─── DATASET CONTENT
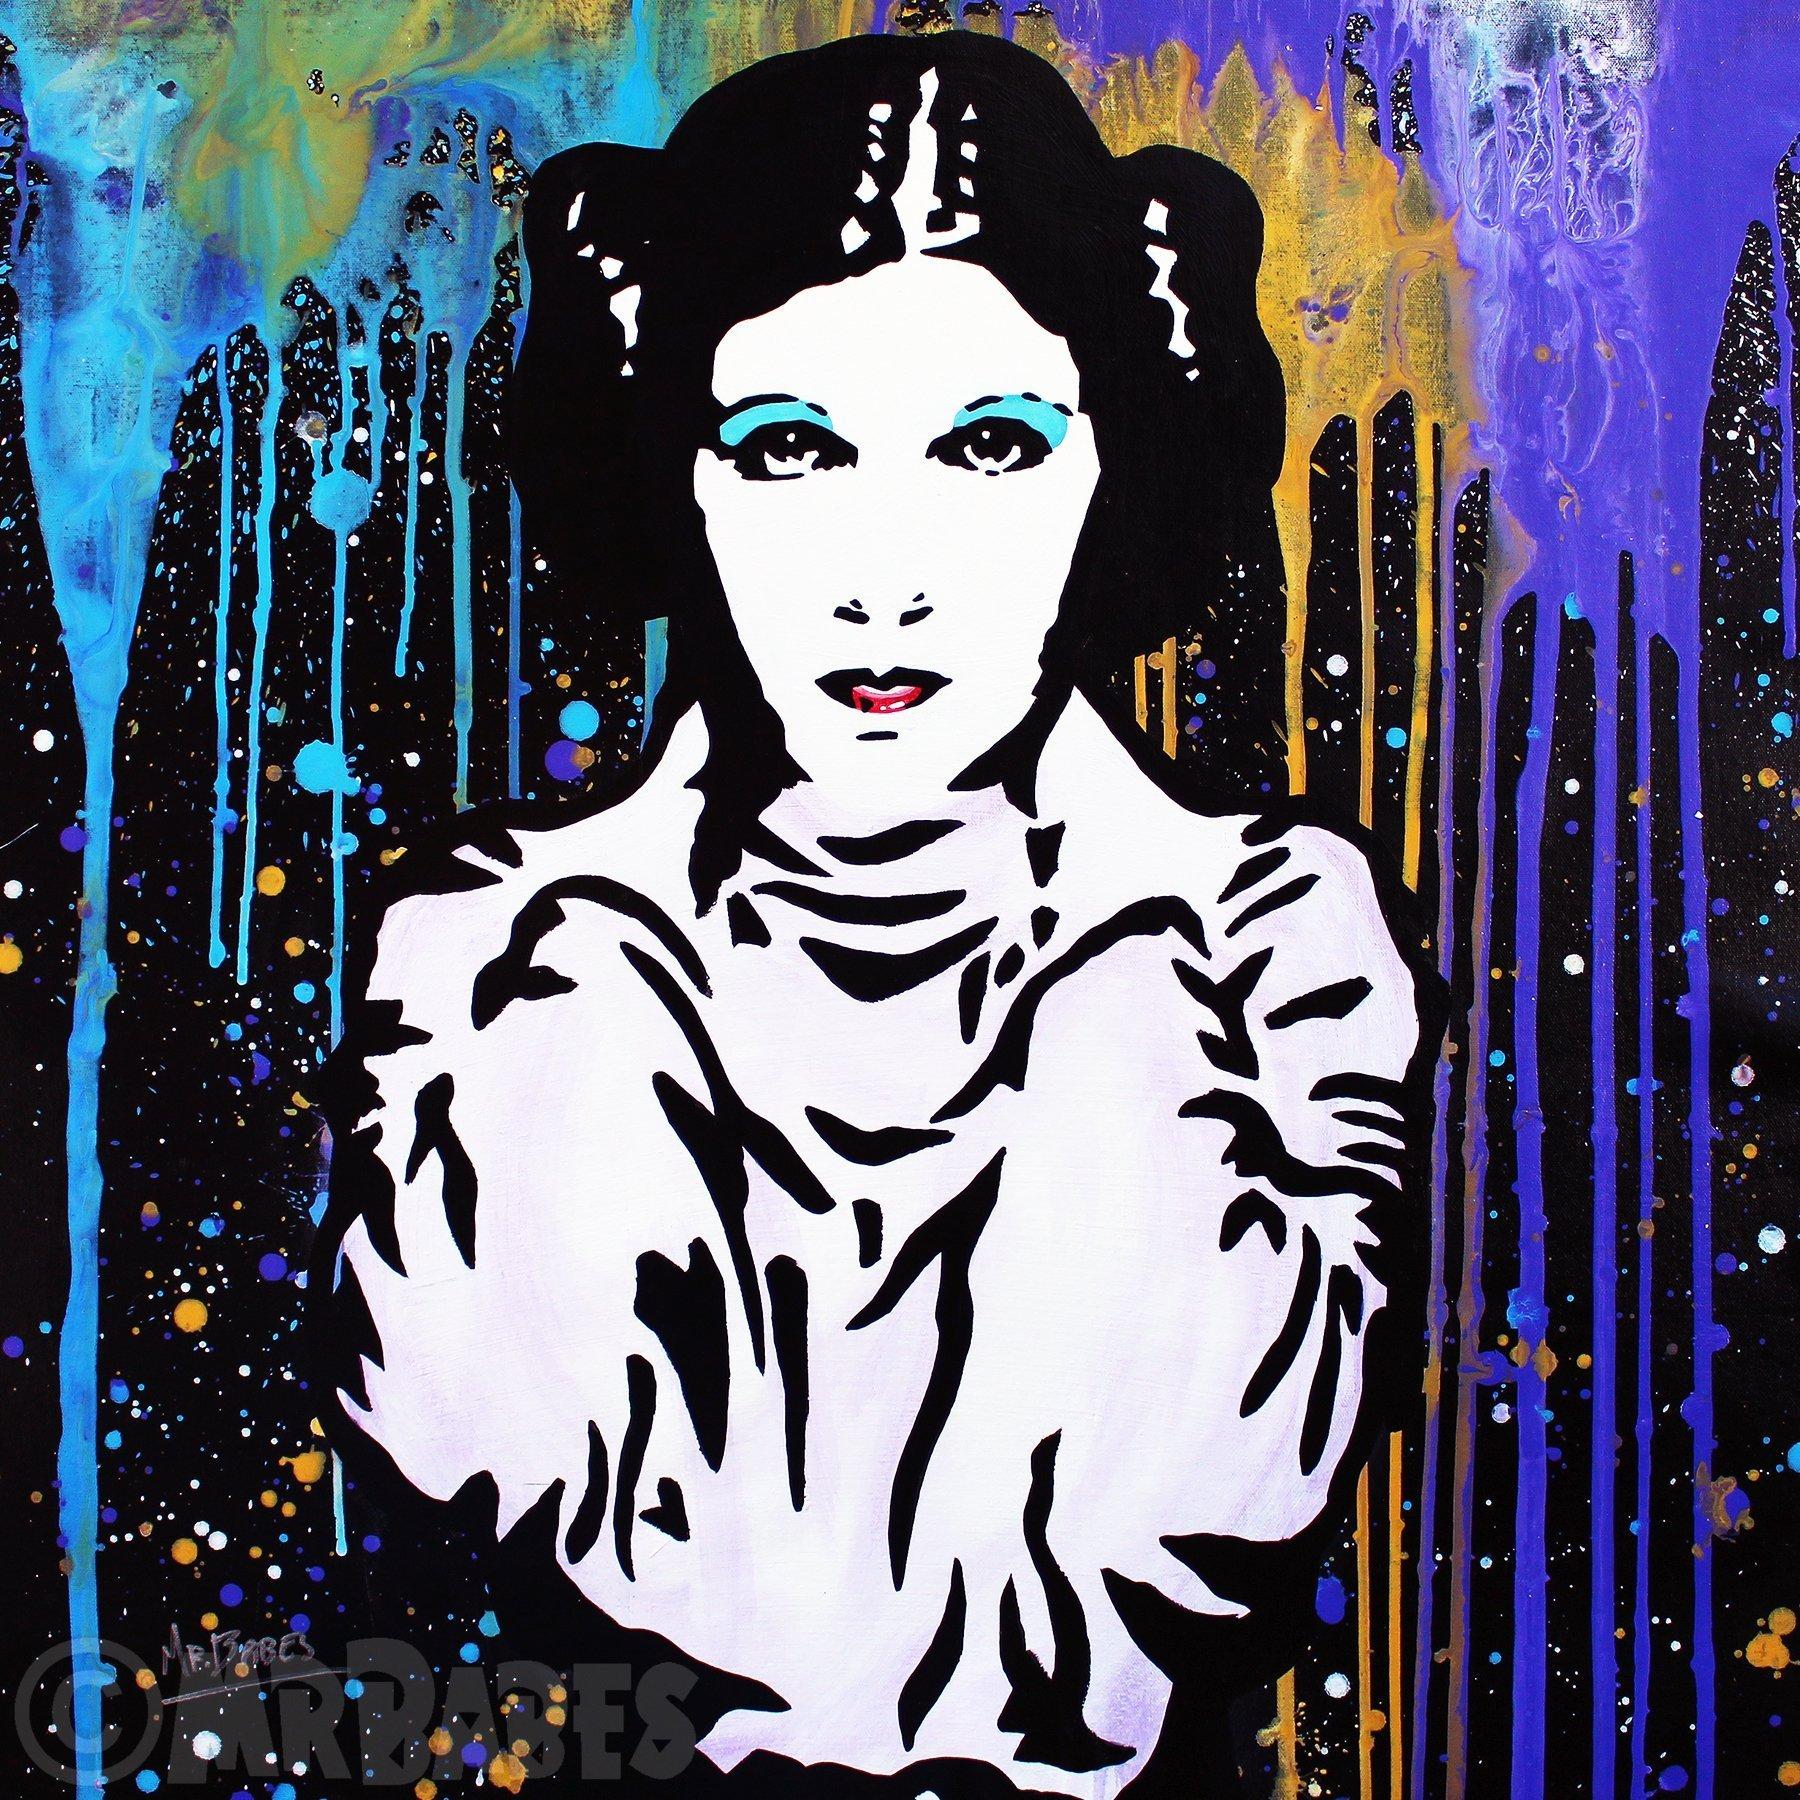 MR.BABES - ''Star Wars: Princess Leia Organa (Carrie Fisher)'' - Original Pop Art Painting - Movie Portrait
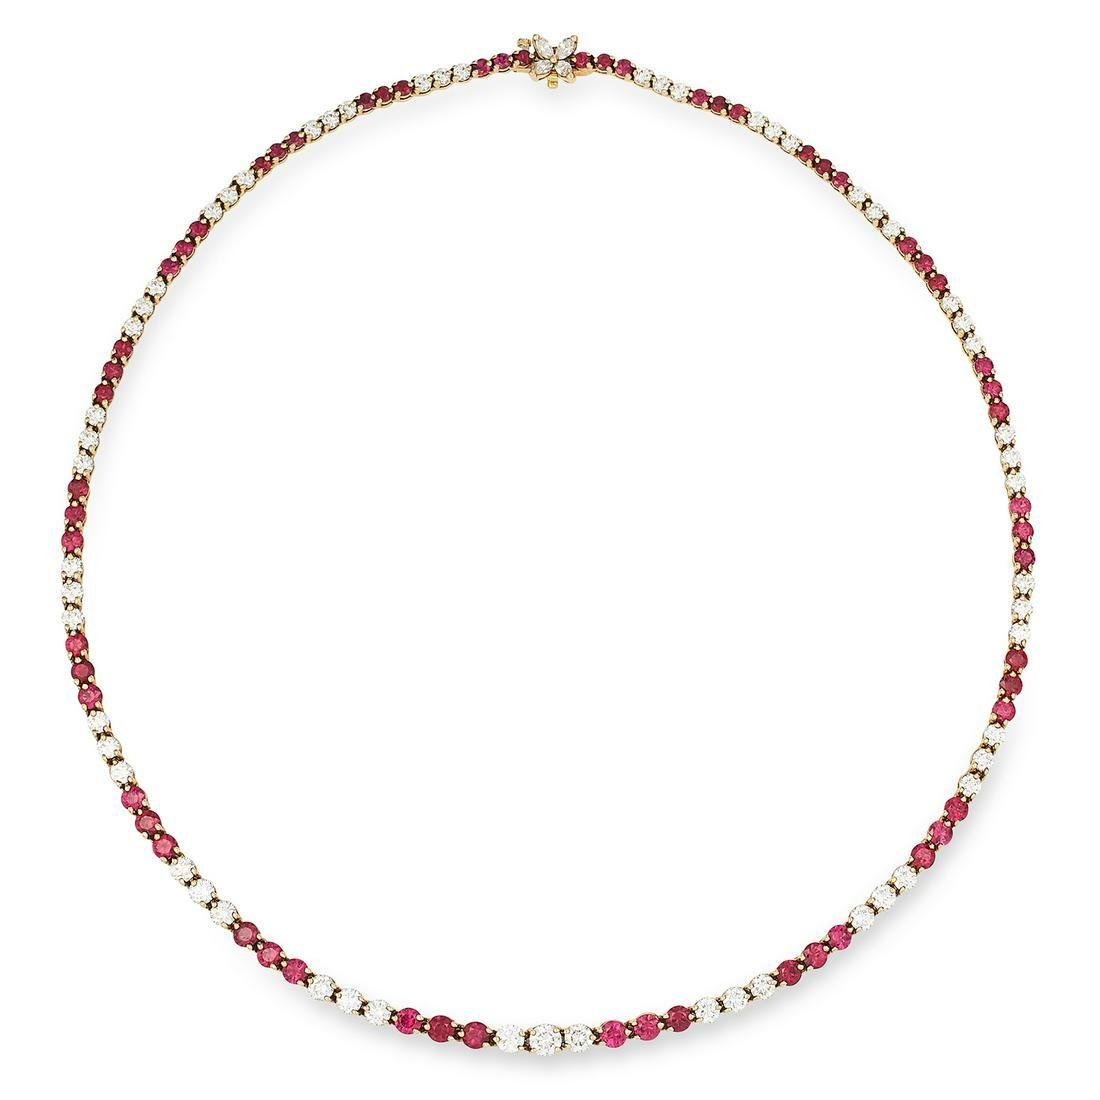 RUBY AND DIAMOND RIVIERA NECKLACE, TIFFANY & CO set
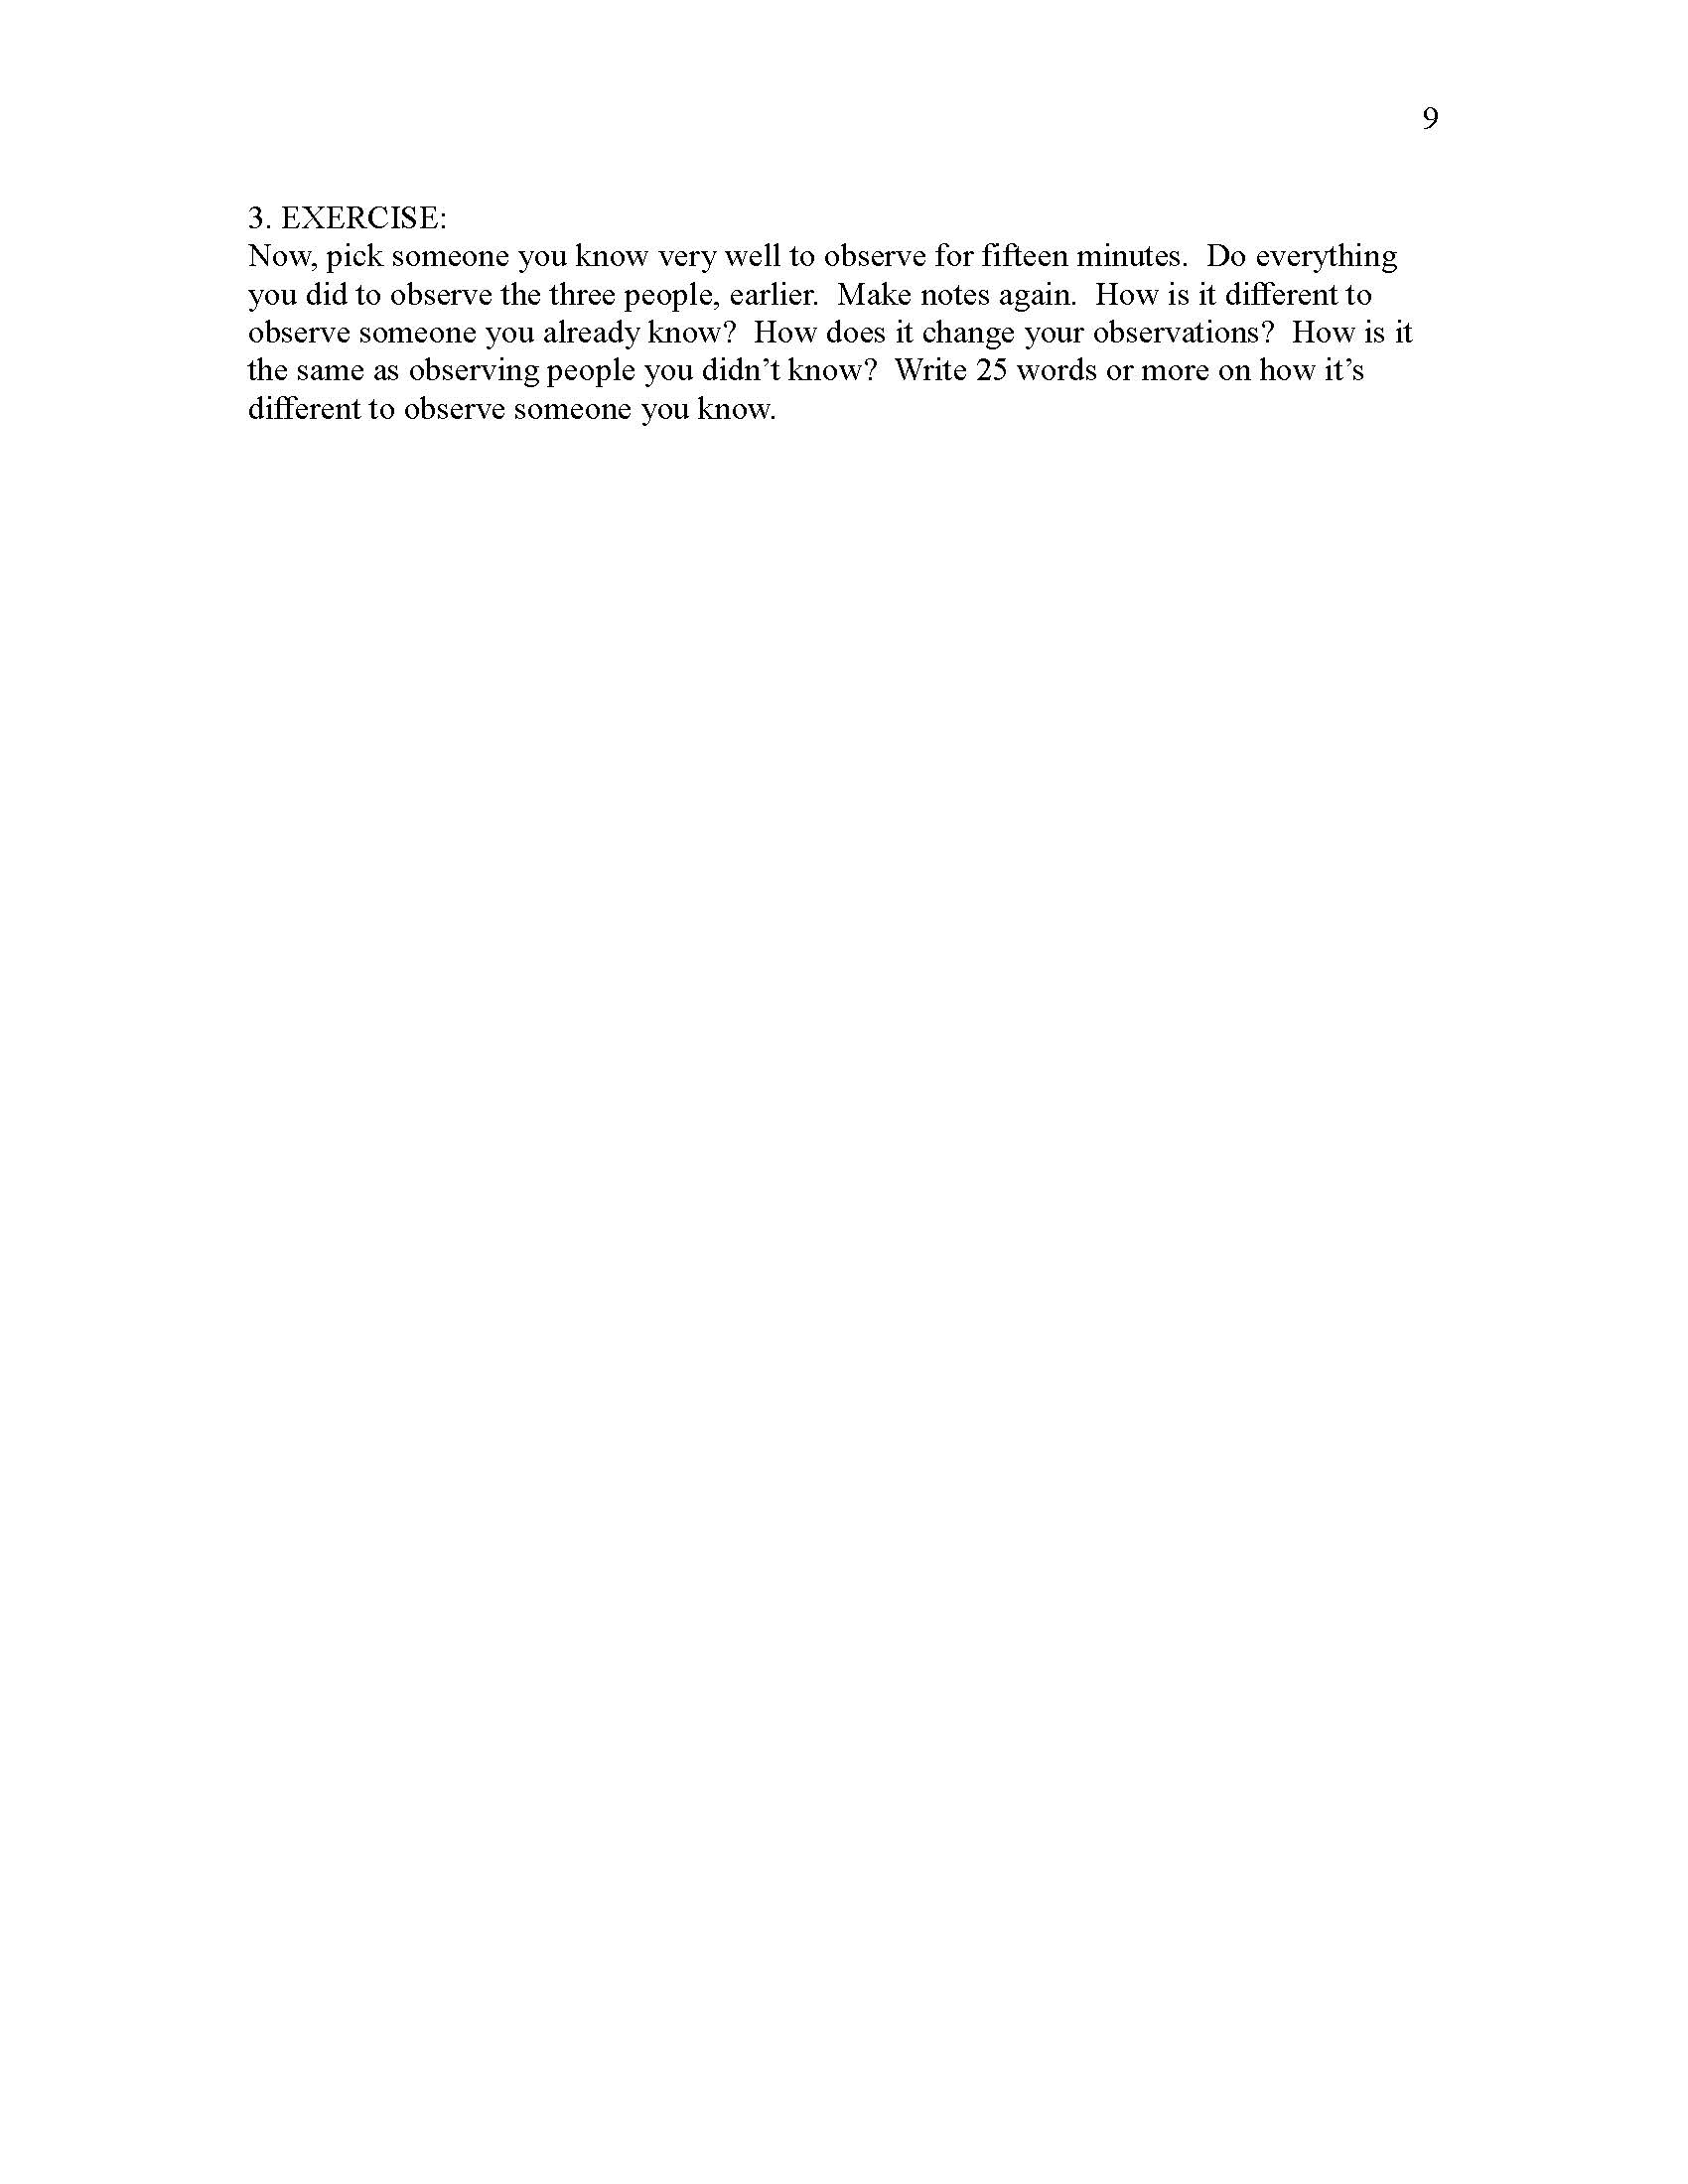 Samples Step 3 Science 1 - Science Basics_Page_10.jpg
──────
> **INSTRUCTIONS FOR THE TASK**
Word for word, reproduce the listing above; no image should be carried over.

> **TASK RESPONSE**
 MR.BABES - ''Star Wars: Princess Leia Organa (Carrie Fisher)'' - Original Pop Art Painting - Movie Portrait
 RUBY AND DIAMOND RIVIERA NECKLACE, TIFFANY & CO set
 Samples Step 3 Science 1 - Science Basics_Page_10.jpg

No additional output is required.